▸ Provided material
⟨

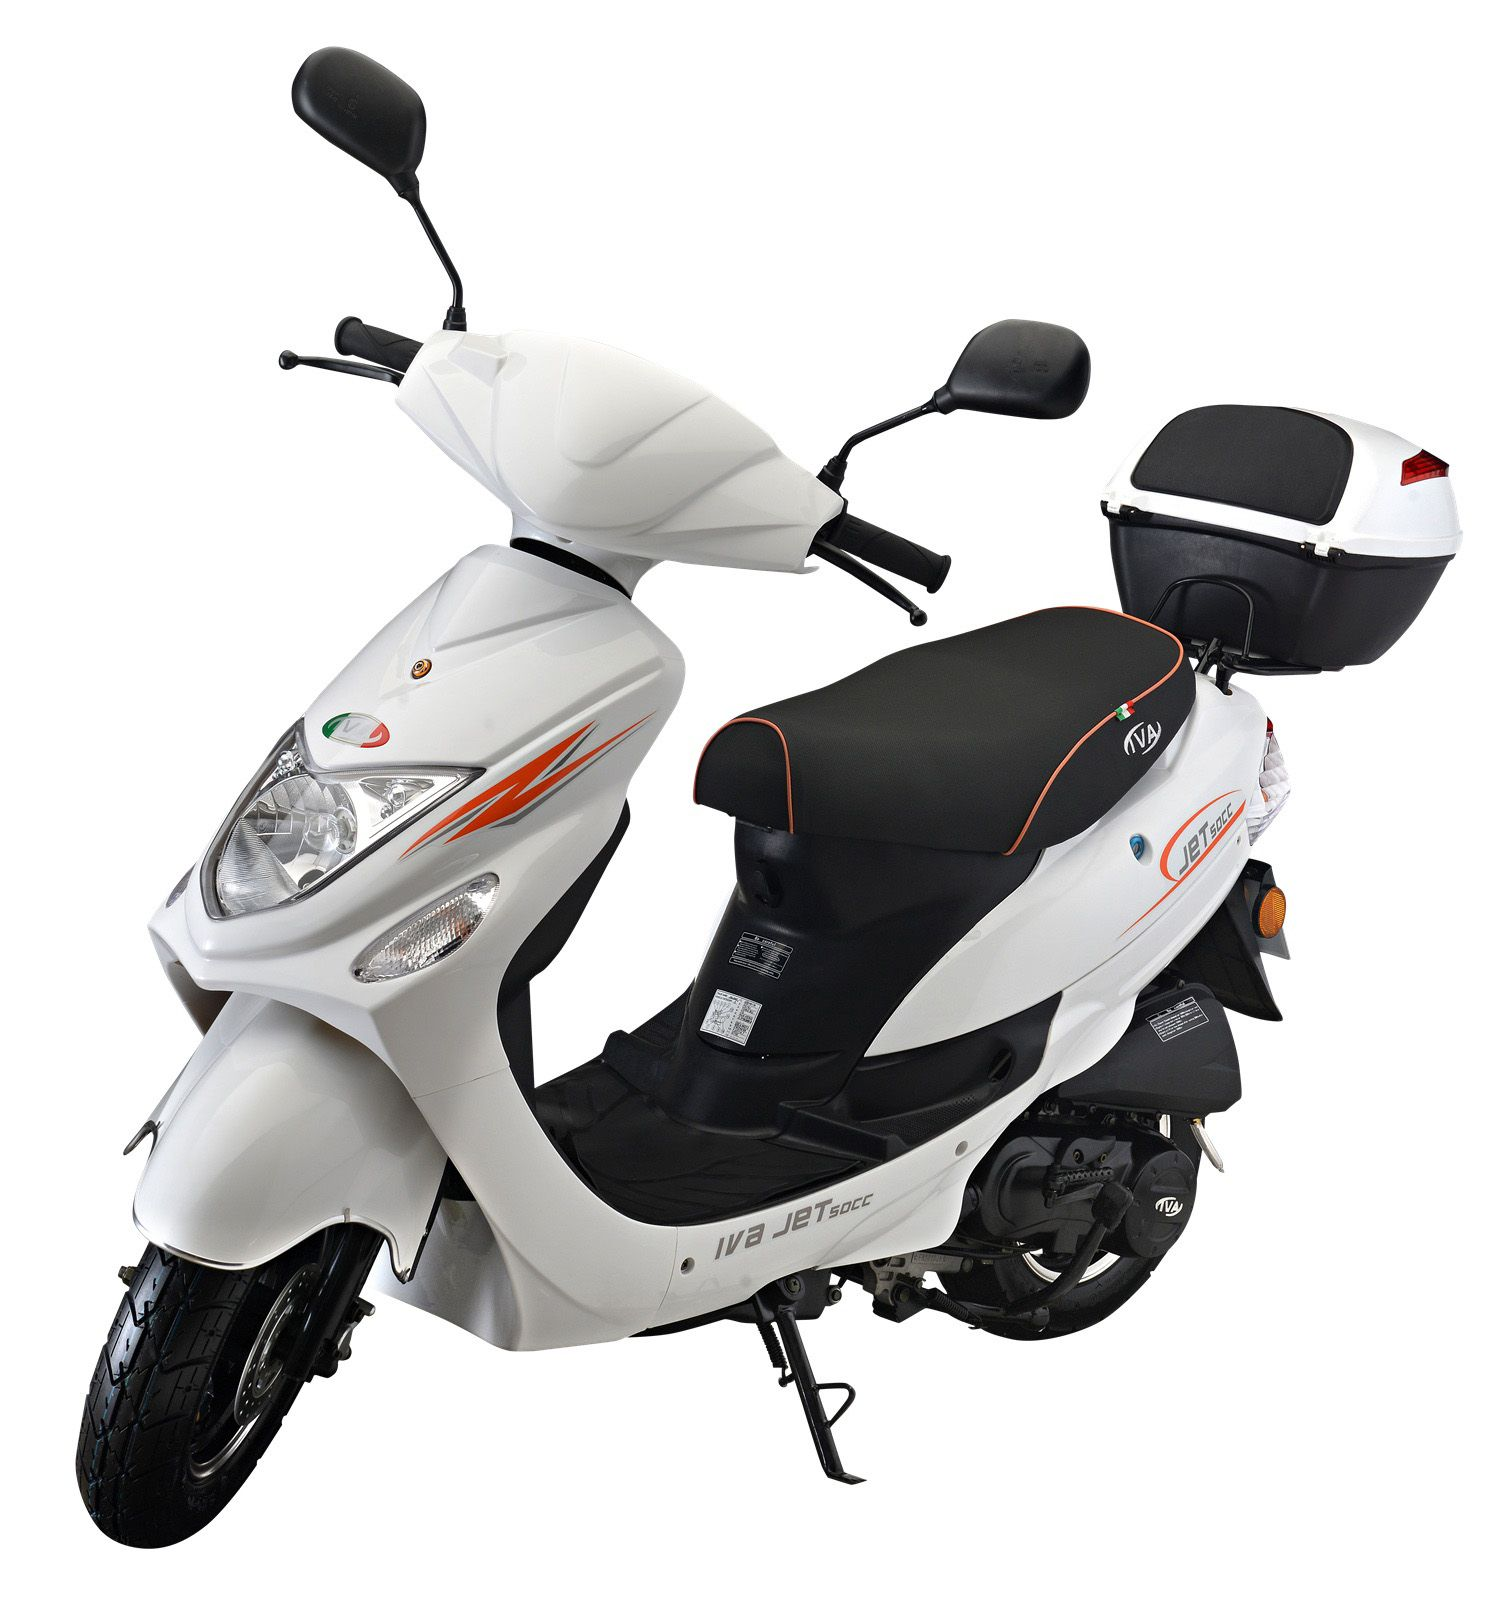 IVA Mofaroller inkl. Topcase, 49 ccm, 25 km/h, weiß,  Jet New  Preisvergleich
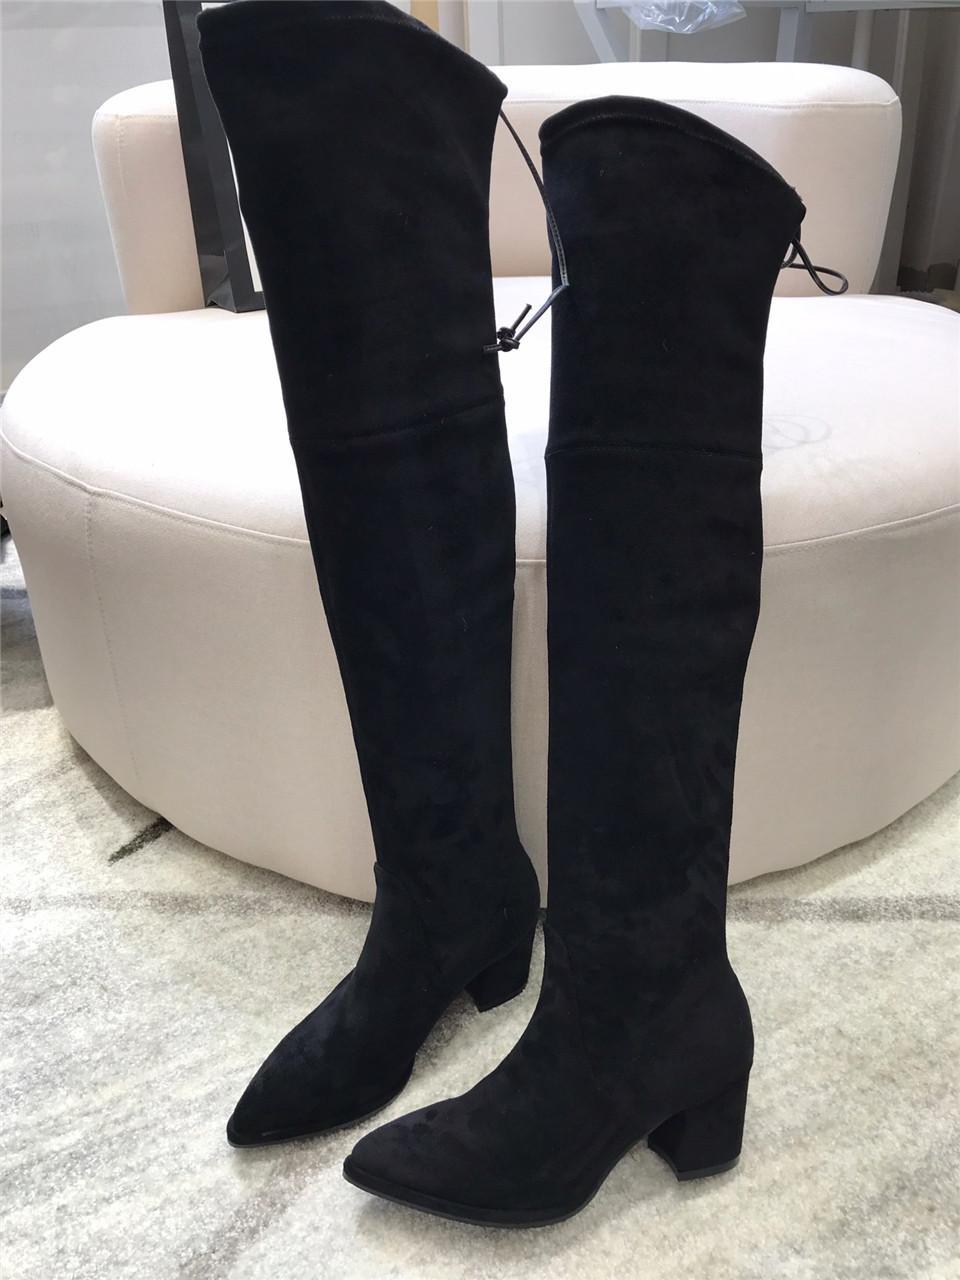 2021 Damenmode über den Kniestiefel städtische sexy frauen stiefel schwarze niedrig hohe dicke ferse high heels
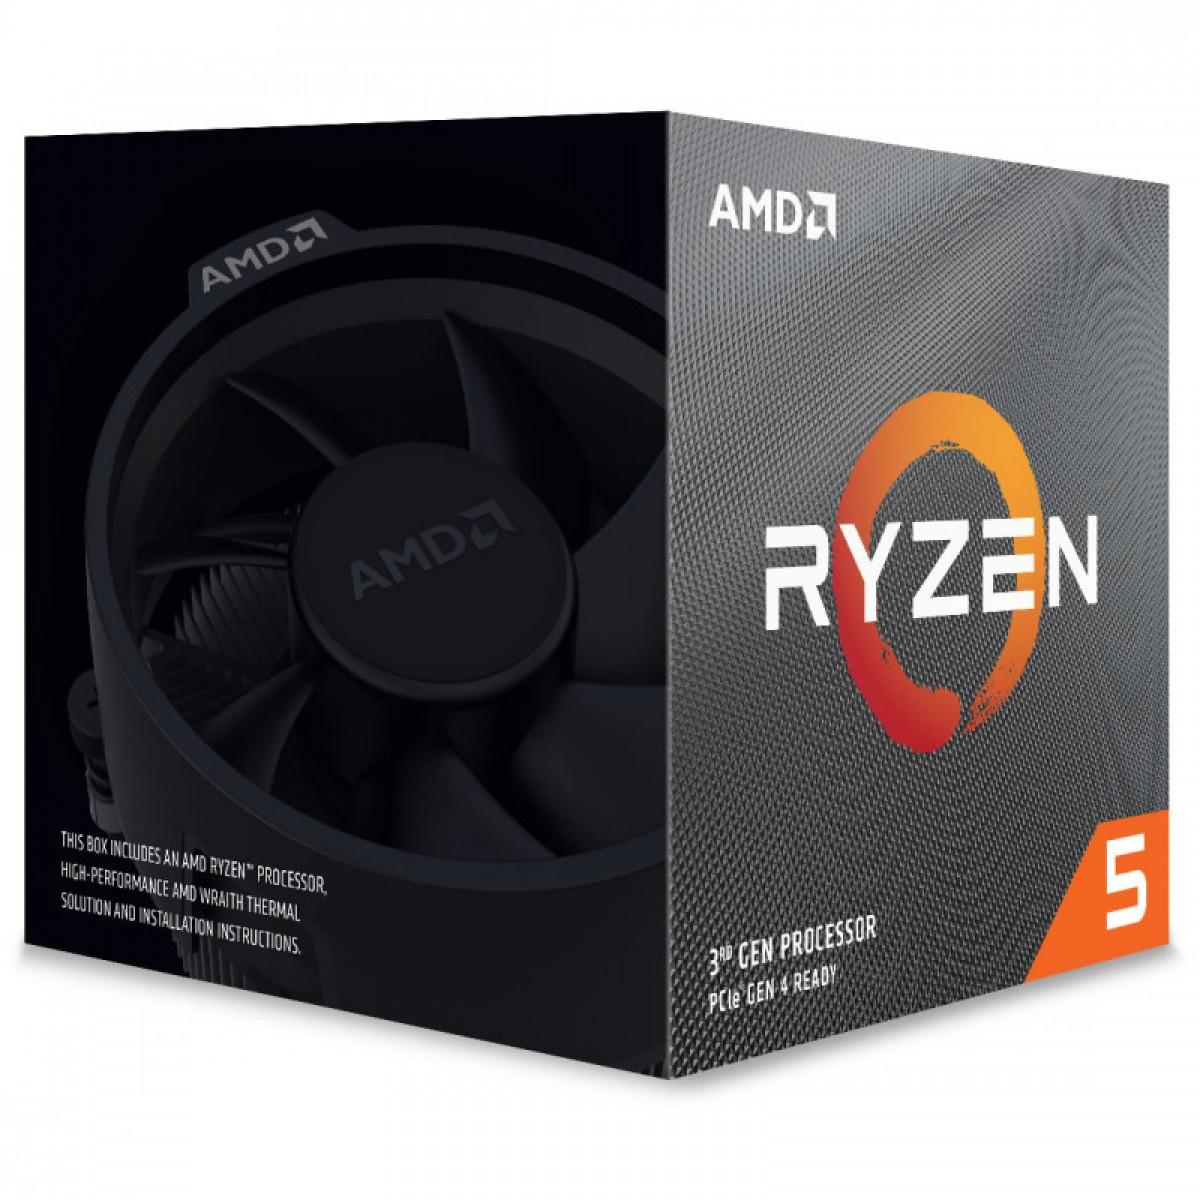 Processador AMD Ryzen 5 3600XT 3.8ghz (4.5ghz Turbo), 6-cores 12-threads, Cooler Wraith Spire, AM4, S/ Video, 100-100000281BOX
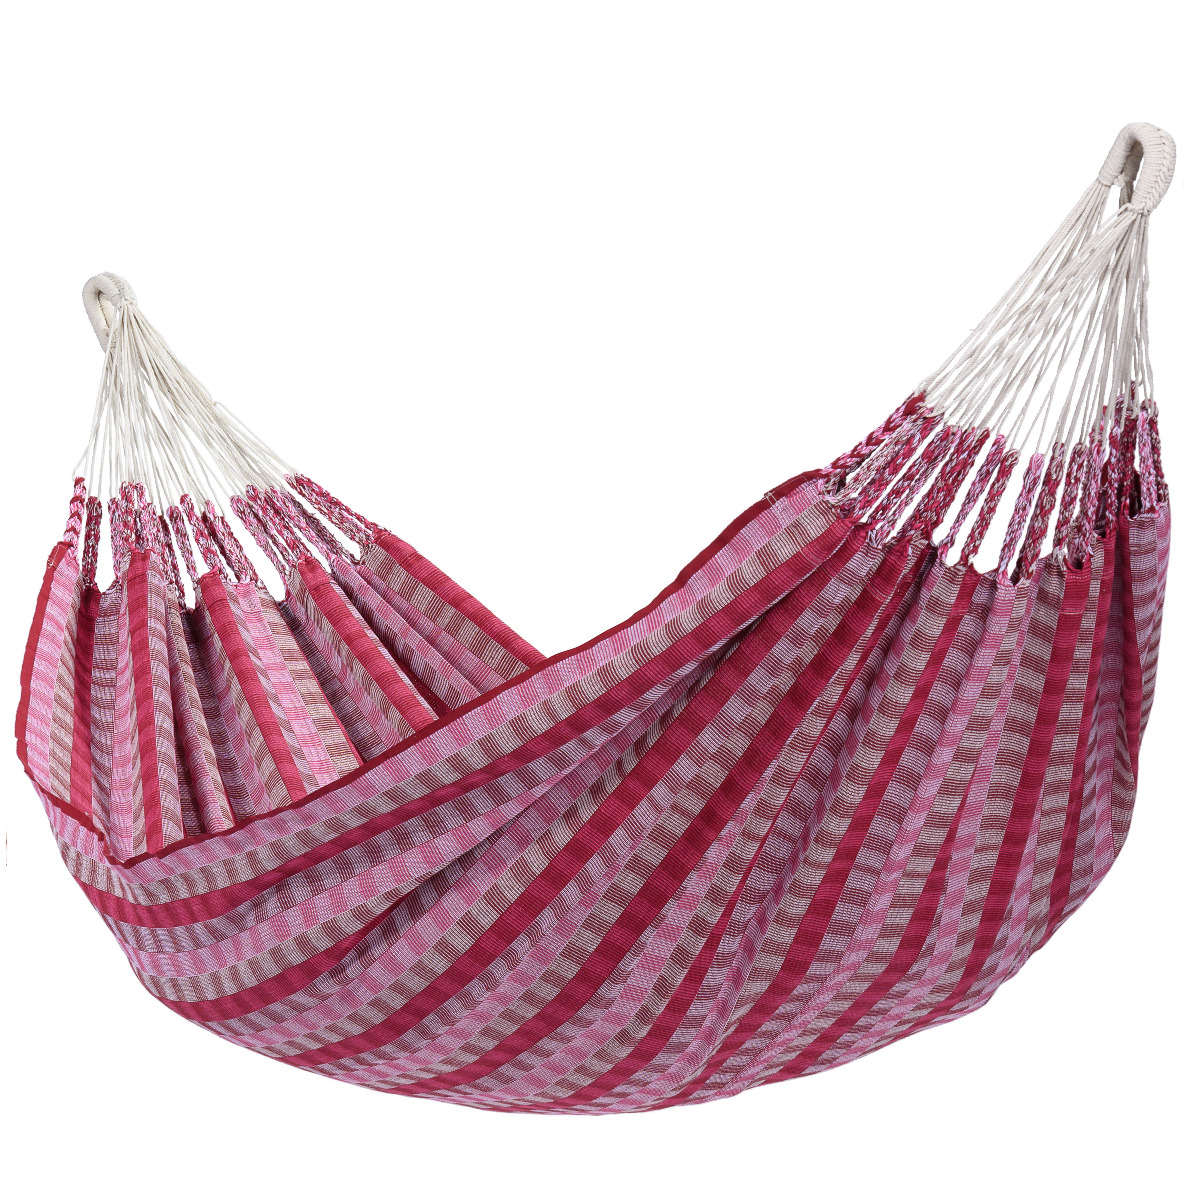 Hangmat 'Premium' Cherry - Tropilex �

⟩

▸ Task statement
Each line of the material goes into your copy unchanged, but no picture does.

▸ Exercise answer
 IVA Mofaroller inkl. Topcase, 49 ccm, 25 km/h, weiß,  Jet New  Preisvergleich
 2021 Damenmode über den Kniestiefel städtische sexy frauen stiefel schwarze niedrig hohe dicke ferse high heels
 Processador AMD Ryzen 5 3600XT 3.8ghz (4.5ghz Turbo), 6-cores 12-threads, Cooler Wraith Spire, AM4, S/ Video, 100-100000281BOX
 Hangmat 'Premium' Cherry - Tropilex �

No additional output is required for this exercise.